**ABOUT THIS EXERCISE:** A single number is the whole answer: the count of lines in the records where "voor" occurs.
*** INFORMATION GIVEN ***
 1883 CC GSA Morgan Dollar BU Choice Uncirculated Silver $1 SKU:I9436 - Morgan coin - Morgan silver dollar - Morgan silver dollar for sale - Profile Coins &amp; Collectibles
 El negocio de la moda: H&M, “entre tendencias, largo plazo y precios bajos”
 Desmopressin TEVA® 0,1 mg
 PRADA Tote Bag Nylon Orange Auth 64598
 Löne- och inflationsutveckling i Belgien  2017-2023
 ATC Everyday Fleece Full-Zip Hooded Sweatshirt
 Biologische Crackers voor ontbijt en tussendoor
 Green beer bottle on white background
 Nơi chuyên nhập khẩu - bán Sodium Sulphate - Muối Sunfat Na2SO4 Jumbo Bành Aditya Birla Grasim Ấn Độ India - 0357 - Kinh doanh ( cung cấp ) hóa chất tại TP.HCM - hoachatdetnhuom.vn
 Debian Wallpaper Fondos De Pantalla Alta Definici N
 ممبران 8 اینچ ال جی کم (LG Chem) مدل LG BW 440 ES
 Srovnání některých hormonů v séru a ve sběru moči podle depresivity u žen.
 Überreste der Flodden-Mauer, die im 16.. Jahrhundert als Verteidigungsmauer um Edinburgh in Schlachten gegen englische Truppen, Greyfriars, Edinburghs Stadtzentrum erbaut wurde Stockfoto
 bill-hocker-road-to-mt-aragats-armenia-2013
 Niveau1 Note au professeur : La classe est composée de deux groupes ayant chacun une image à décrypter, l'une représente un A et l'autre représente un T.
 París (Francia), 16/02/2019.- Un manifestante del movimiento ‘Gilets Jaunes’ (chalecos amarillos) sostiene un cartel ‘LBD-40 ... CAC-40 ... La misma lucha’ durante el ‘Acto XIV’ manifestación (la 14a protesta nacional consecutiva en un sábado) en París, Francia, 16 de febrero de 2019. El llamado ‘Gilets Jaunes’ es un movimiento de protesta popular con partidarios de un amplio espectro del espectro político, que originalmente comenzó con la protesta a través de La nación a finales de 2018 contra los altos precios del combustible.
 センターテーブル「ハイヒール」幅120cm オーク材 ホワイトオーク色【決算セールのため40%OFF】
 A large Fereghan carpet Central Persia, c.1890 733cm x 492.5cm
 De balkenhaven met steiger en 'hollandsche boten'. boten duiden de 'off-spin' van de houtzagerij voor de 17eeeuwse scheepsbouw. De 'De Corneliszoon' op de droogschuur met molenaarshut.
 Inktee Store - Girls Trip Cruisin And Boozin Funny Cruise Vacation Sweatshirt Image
***
**EXERCISE RESULT:** 2